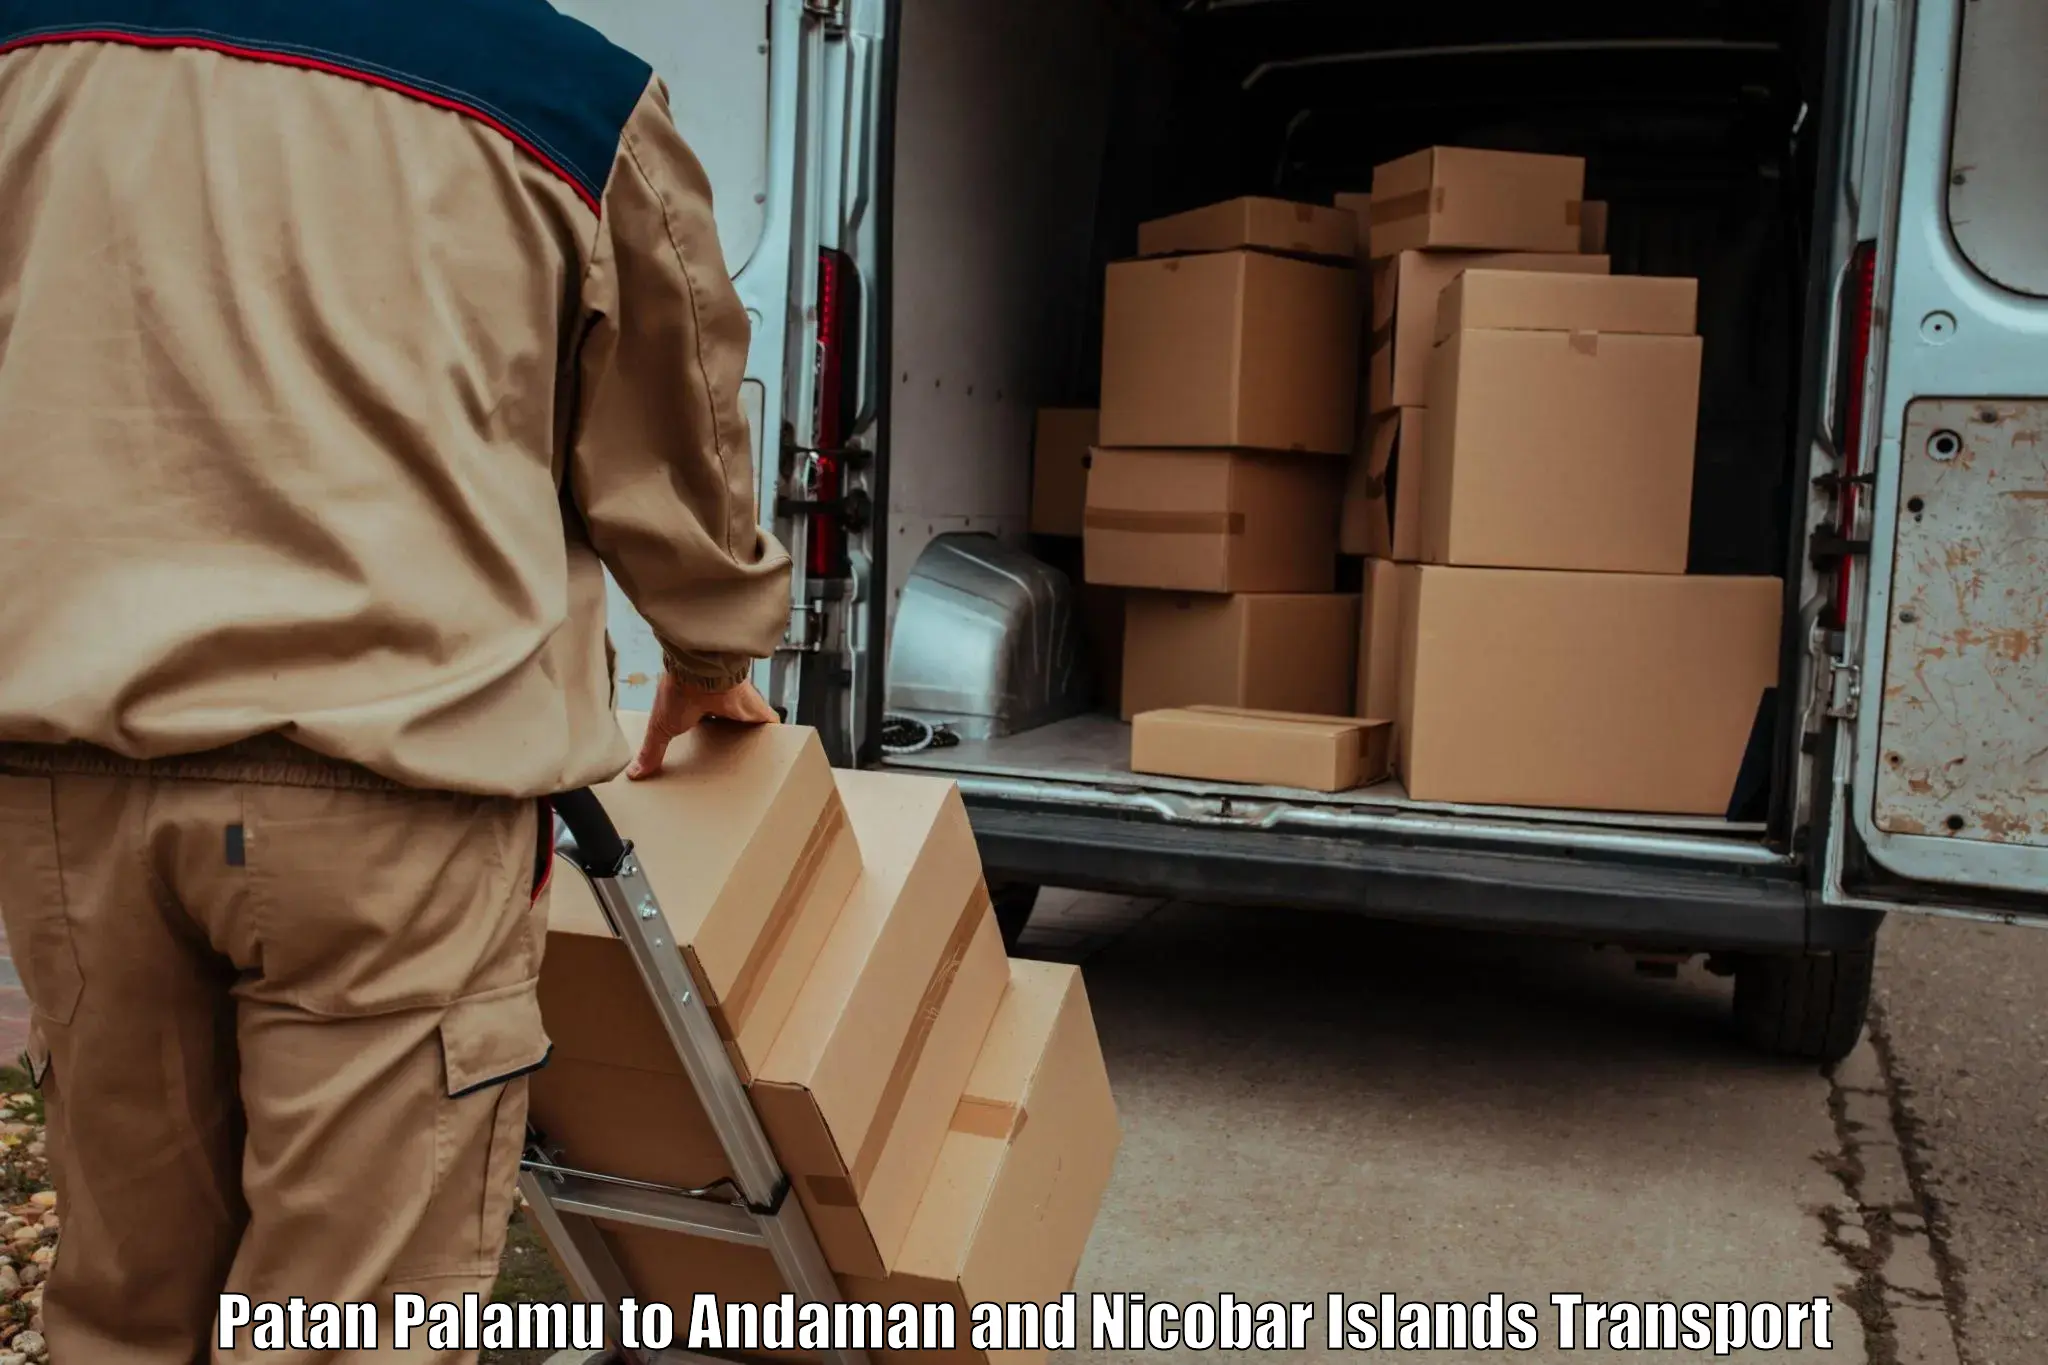 Shipping partner in Patan Palamu to Port Blair
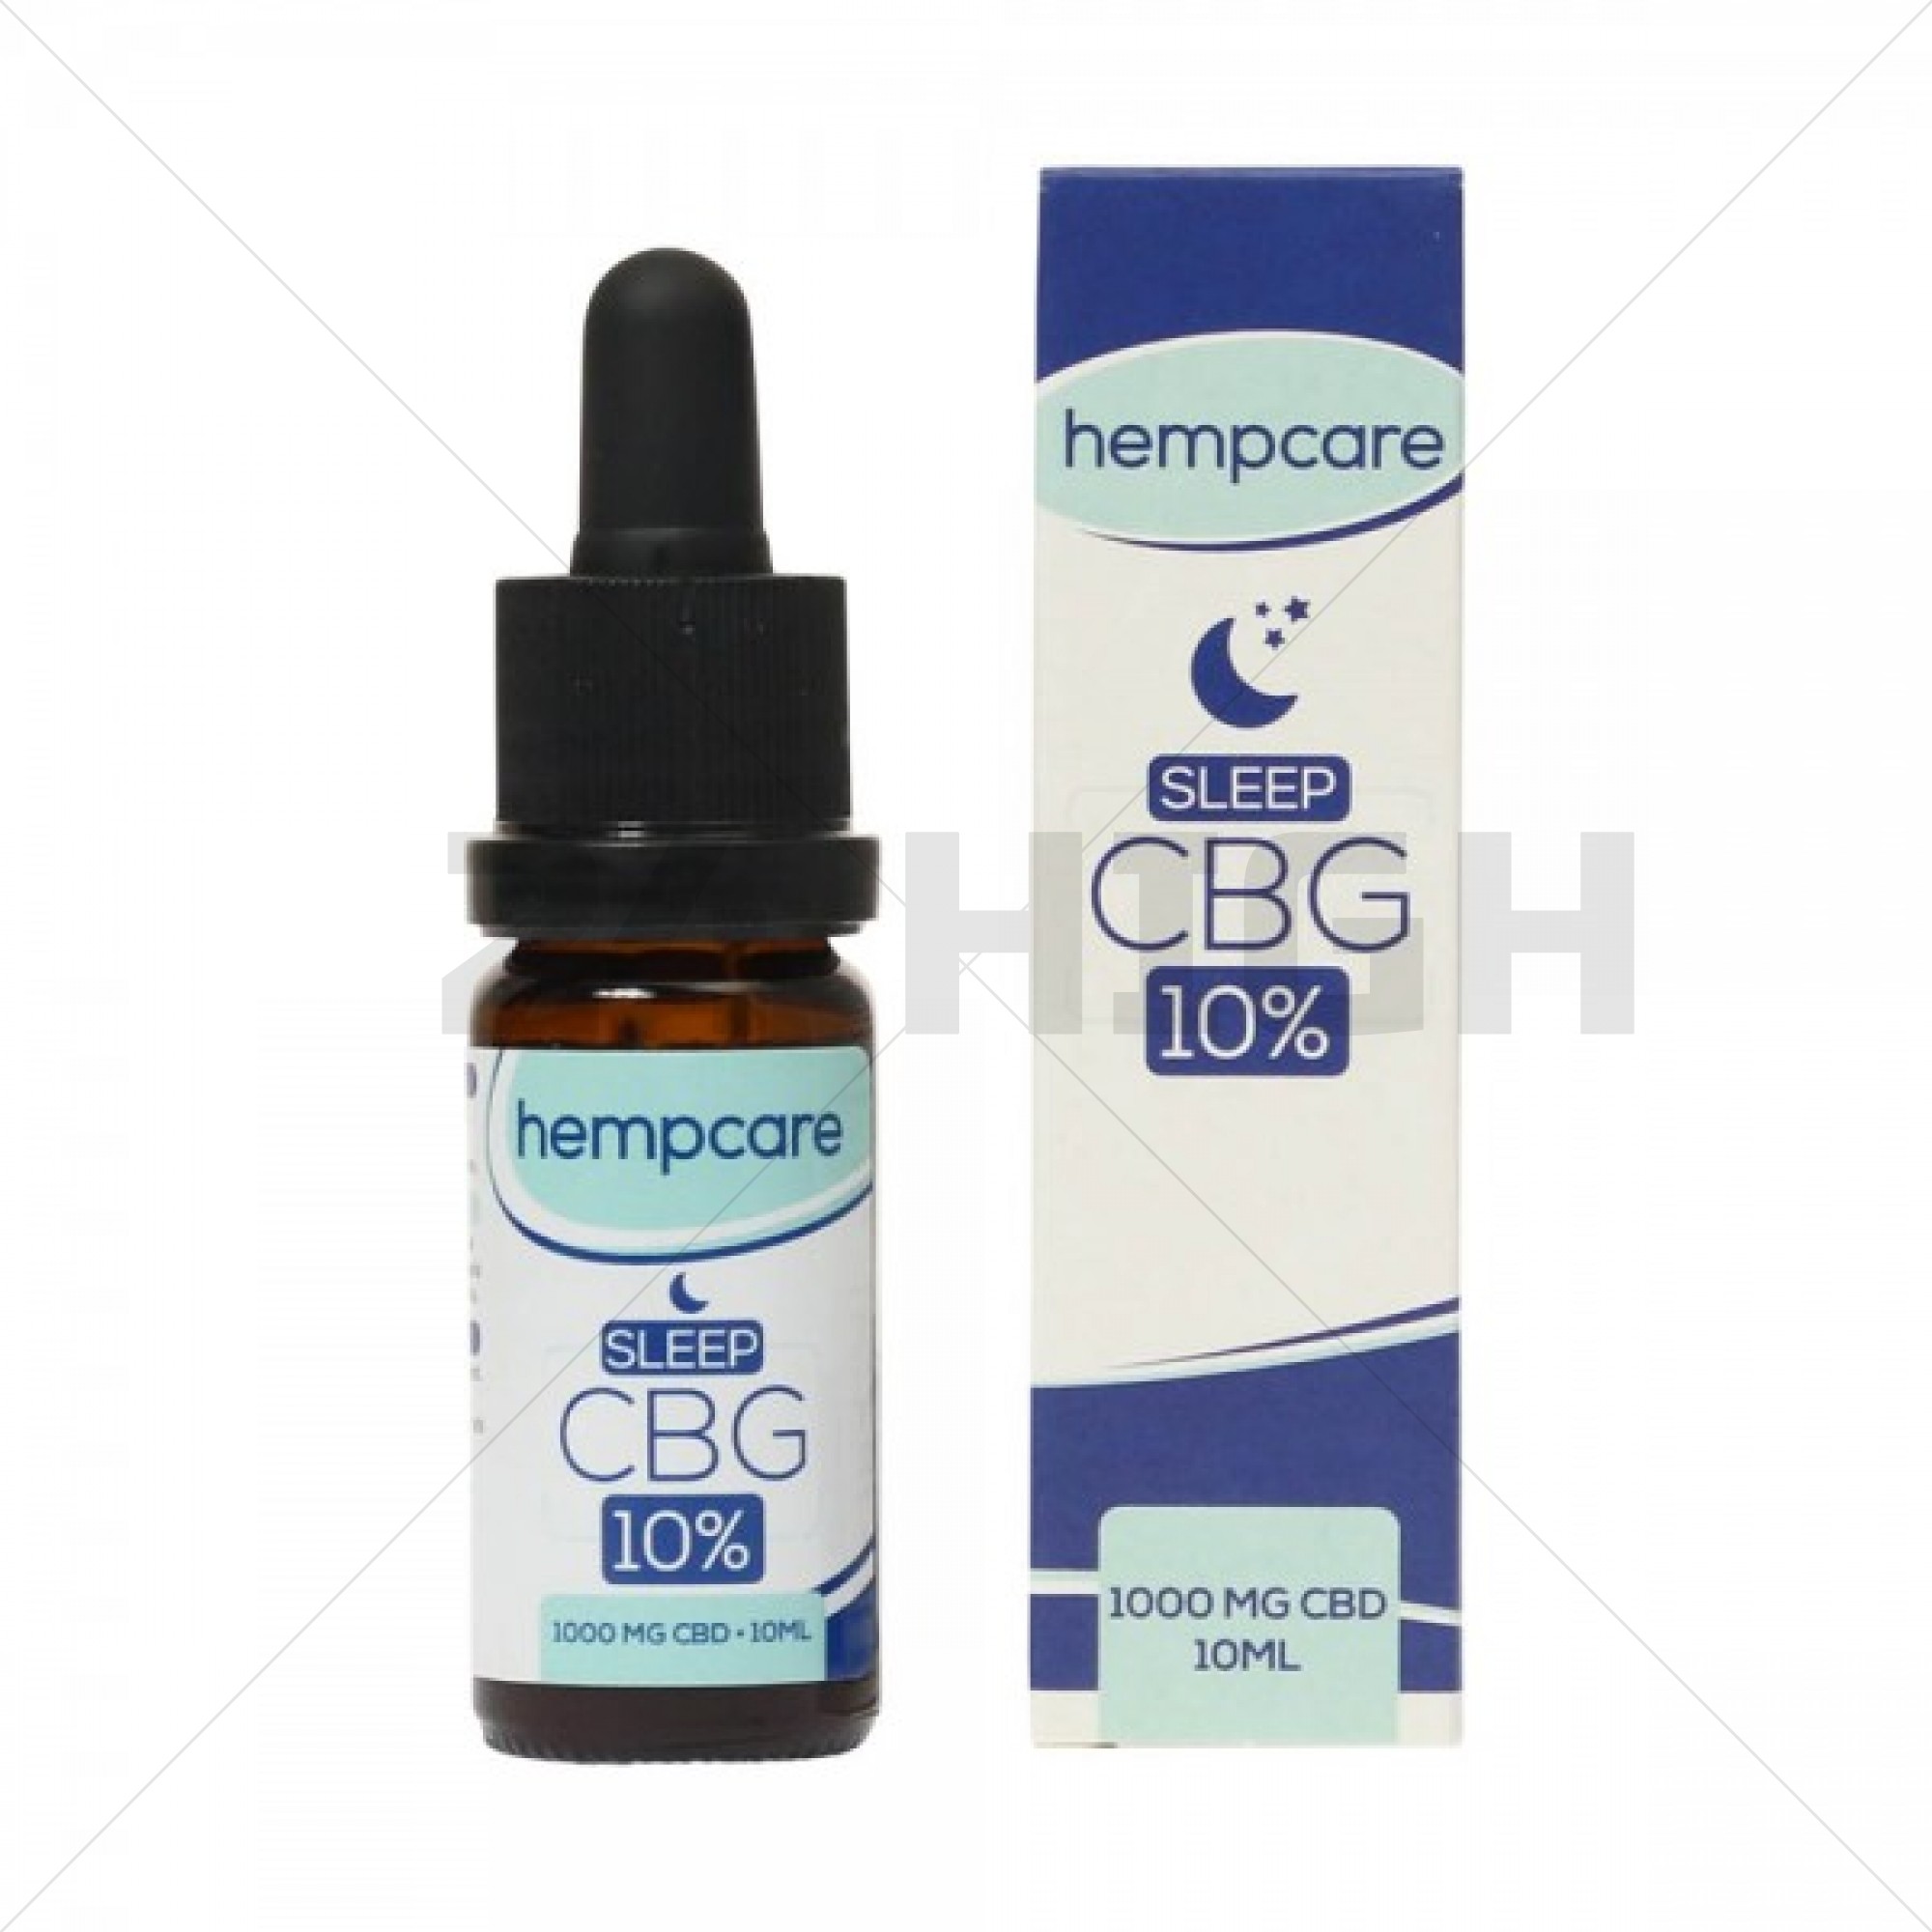 HempCare Sleep huile de CBG - 10% CBD (1000mg)
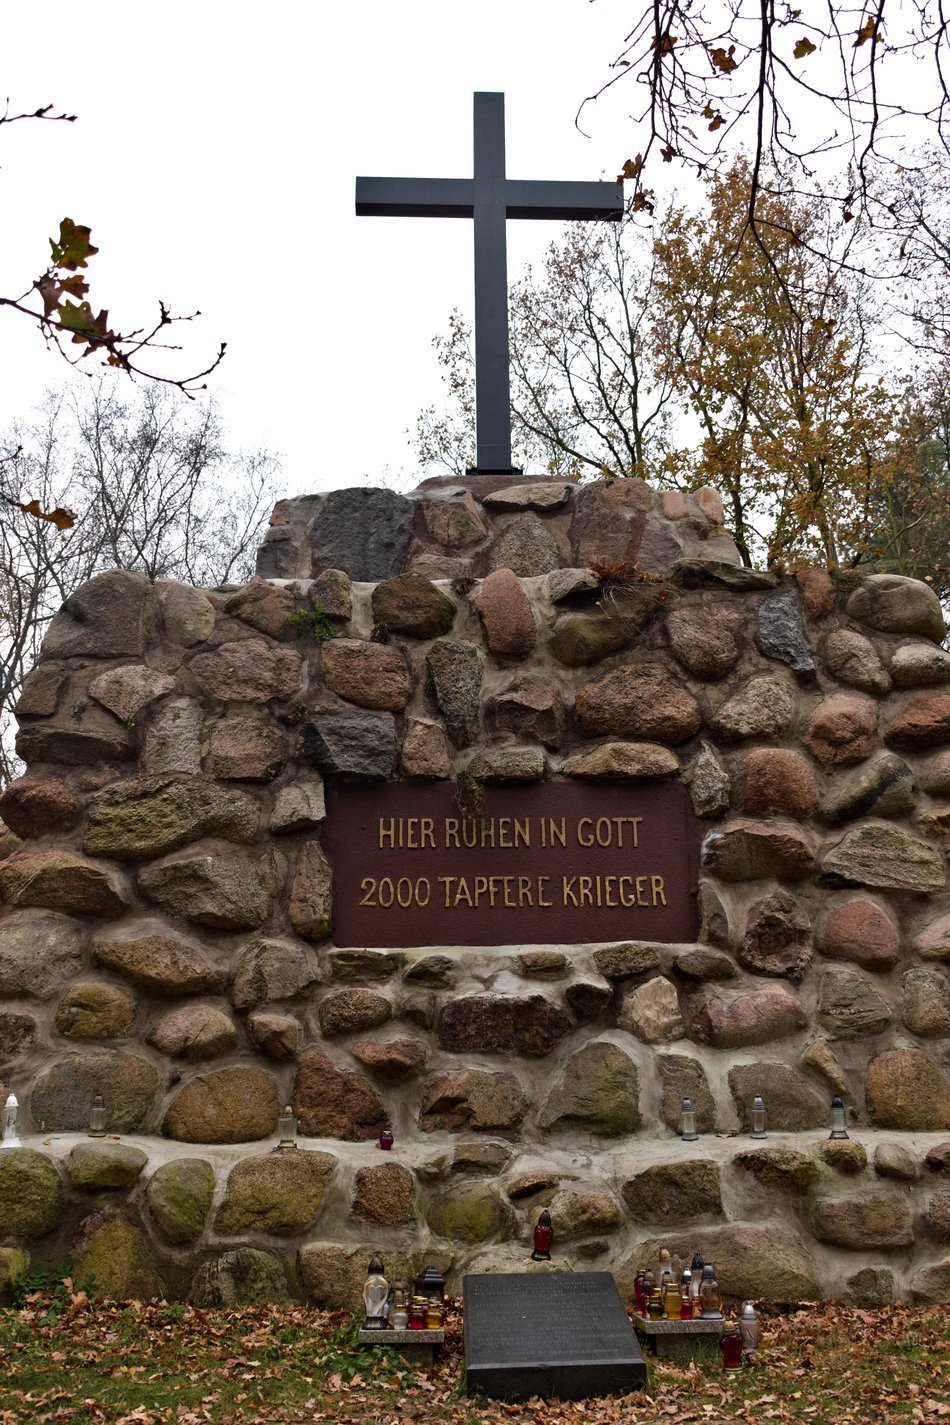 Grobowa Góra w Starej Gadce. Największy łódzki cmentarz ofiar I wojny światowej
● ● ● ● ● ● ●
## What to produce
Pictures aside, reproduce all of the material above without alteration.

## Answer space
 Shipping partner in Patan Palamu to Port Blair
 HempCare Sleep huile de CBG - 10% CBD (1000mg)
 Grobowa Góra w Starej Gadce. Największy łódzki cmentarz ofiar I wojny światowej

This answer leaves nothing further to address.